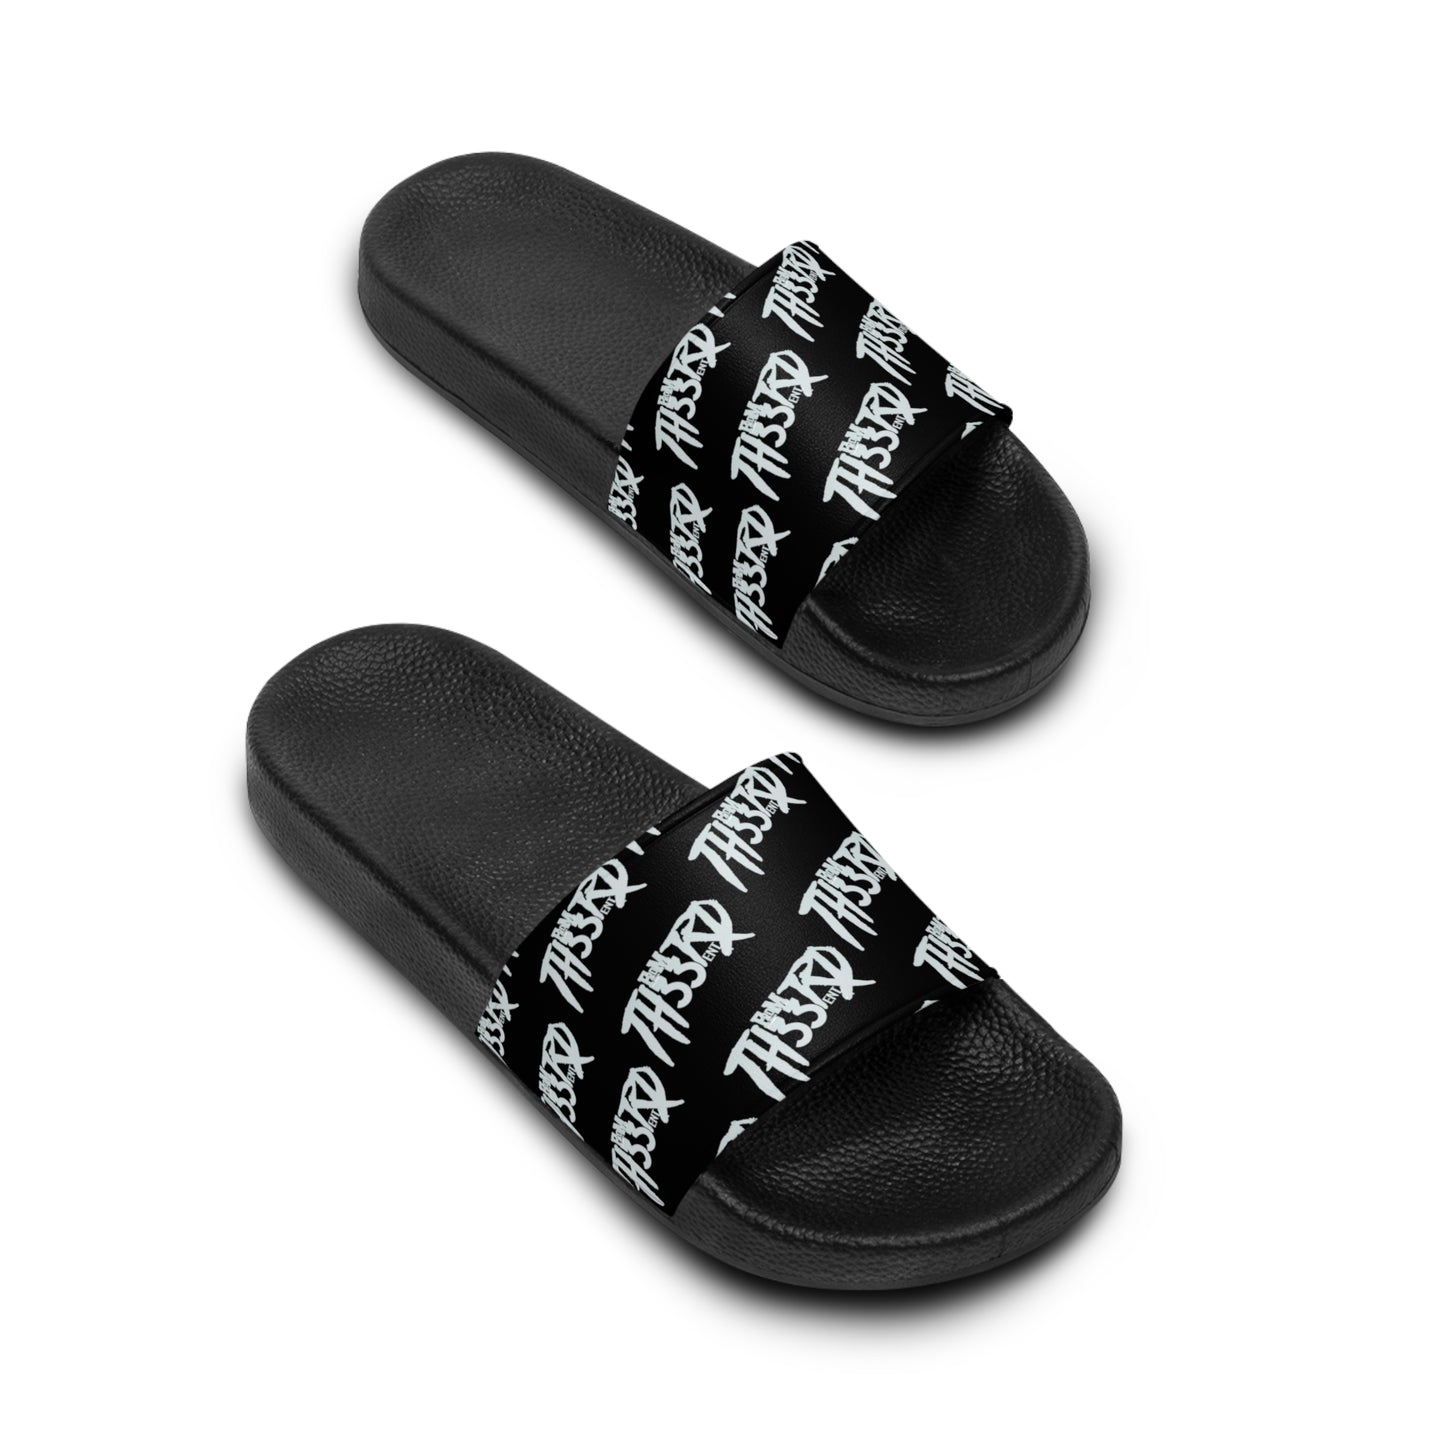 Fromth33rd all over Men's Slide Sandals
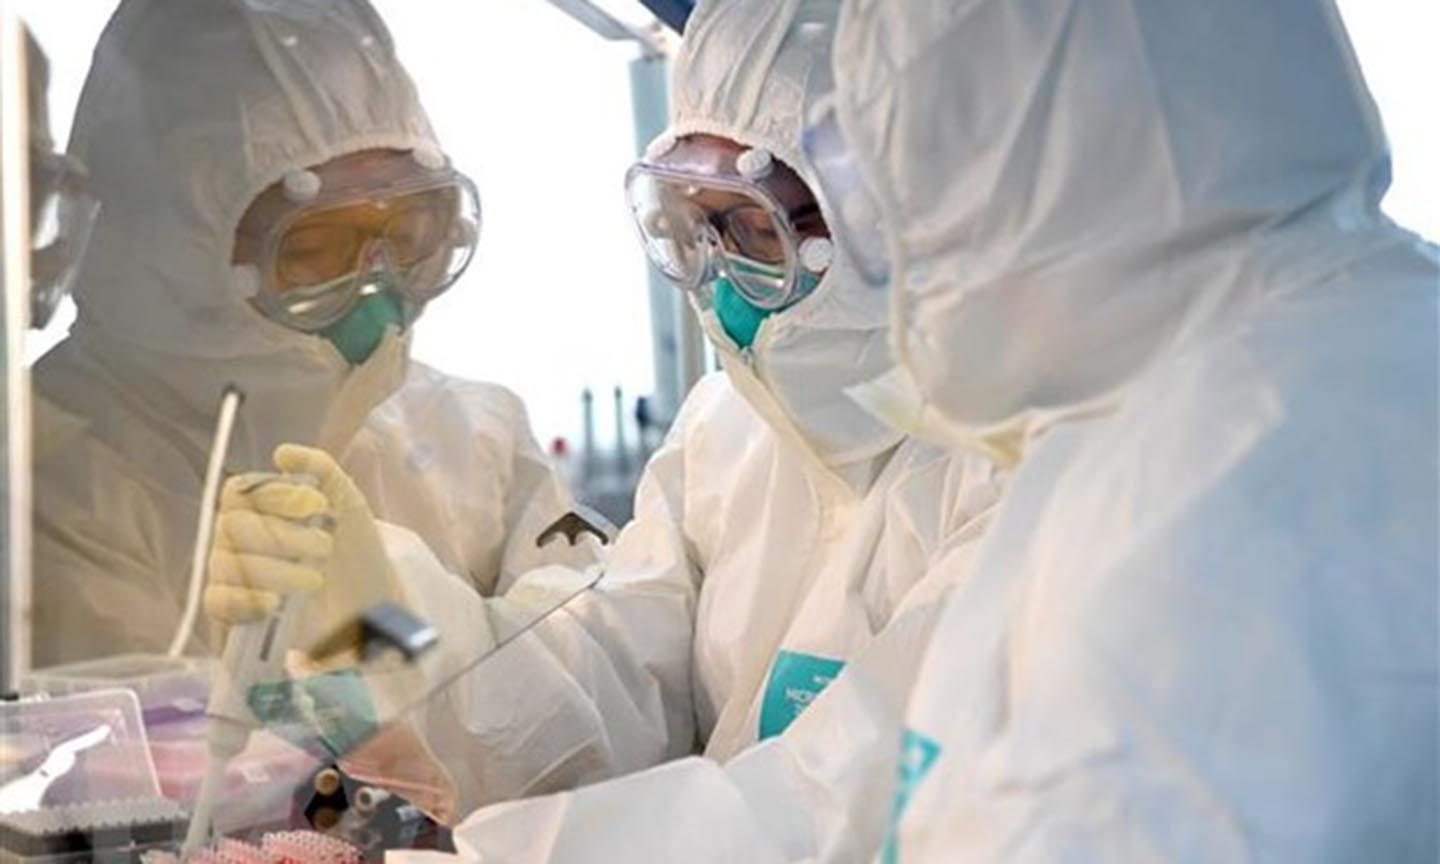 Các nhà nghiên cứu làm việc tại phòng thí nghiệm của trung tâm kiểm soát và ngăn ngừa dịch bệnh tại Hà Nam, Trung Quốc. (Ảnh: THX/TTXVN)
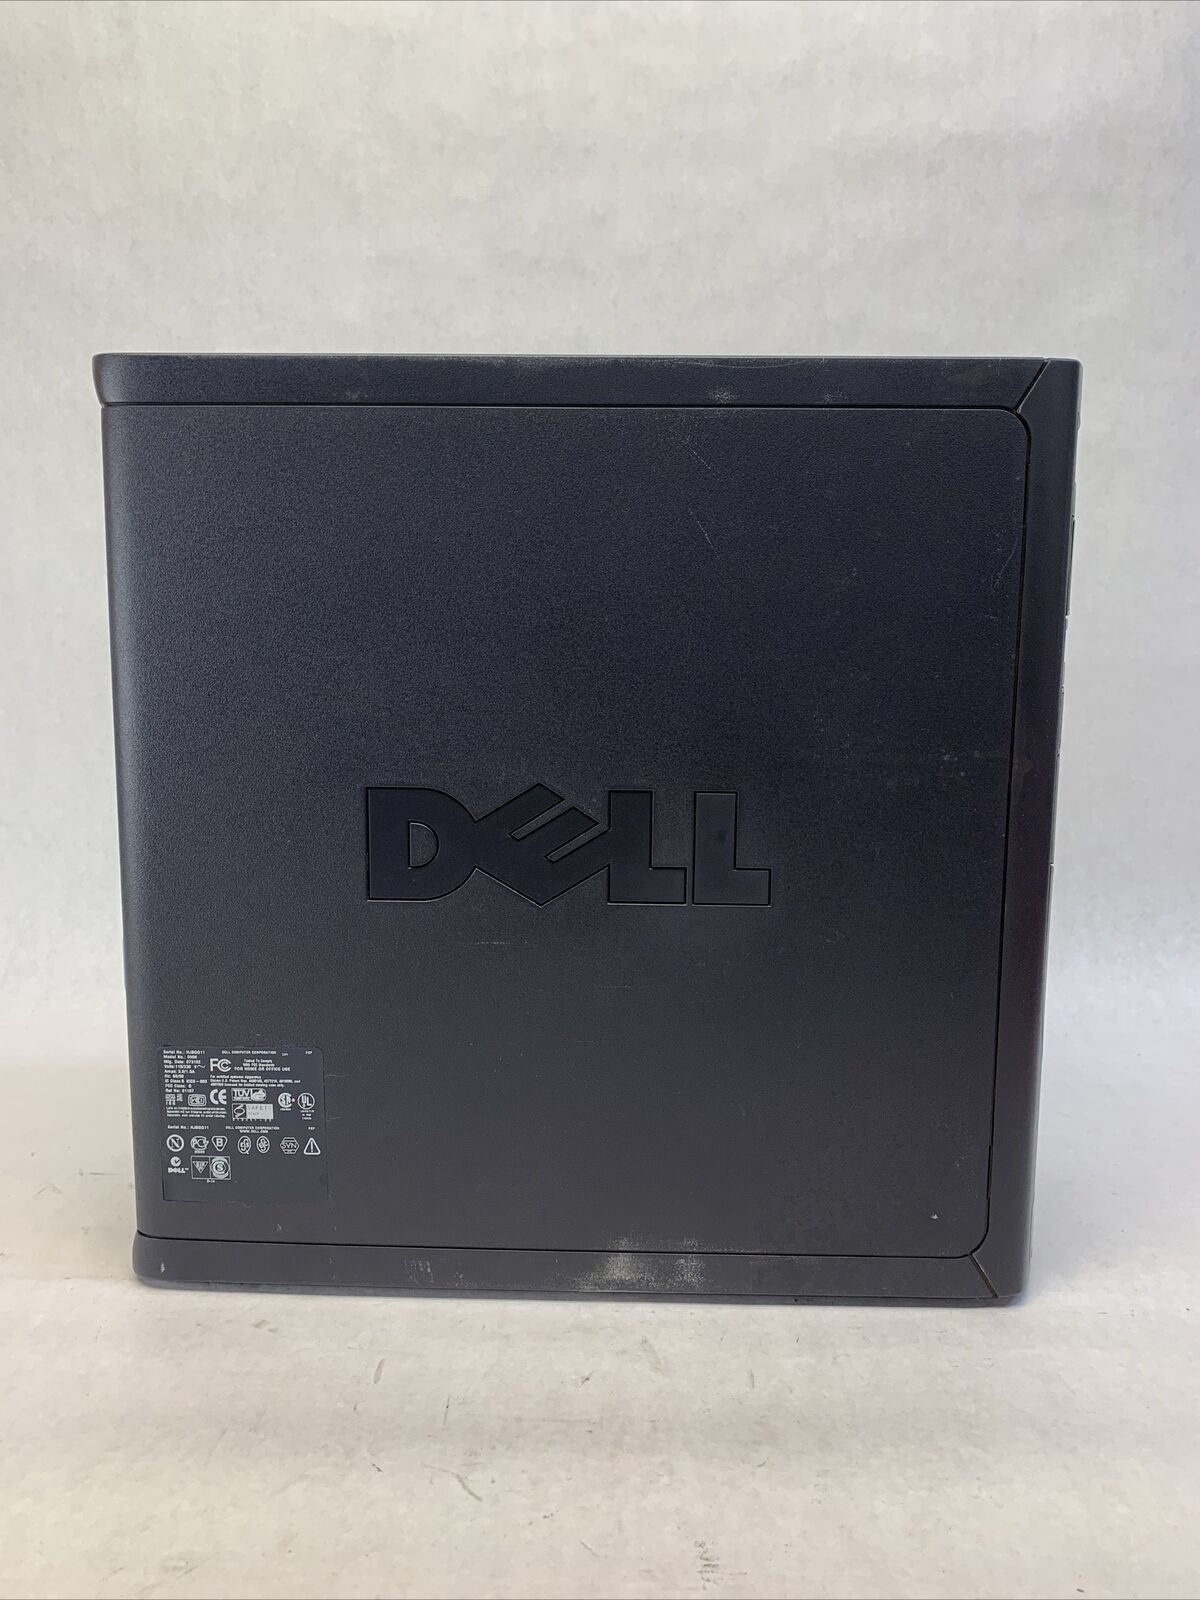 Dell Optiplex GX260 MT Intel Pentium 4 2GHz 1GB RAM No HDD No OS w/04-2488-001

#### [Try it]
When you copy the data above, keep each line exact and omit the pictures.

#### [Exercise answer]
 Fromth33rd all over Men's Slide Sandals
 Các nhà nghiên cứu làm việc tại phòng thí nghiệm của trung tâm kiểm soát và ngăn ngừa dịch bệnh tại Hà Nam, Trung Quốc. (Ảnh: THX/TTXVN)
 Dell Optiplex GX260 MT Intel Pentium 4 2GHz 1GB RAM No HDD No OS w/04-2488-001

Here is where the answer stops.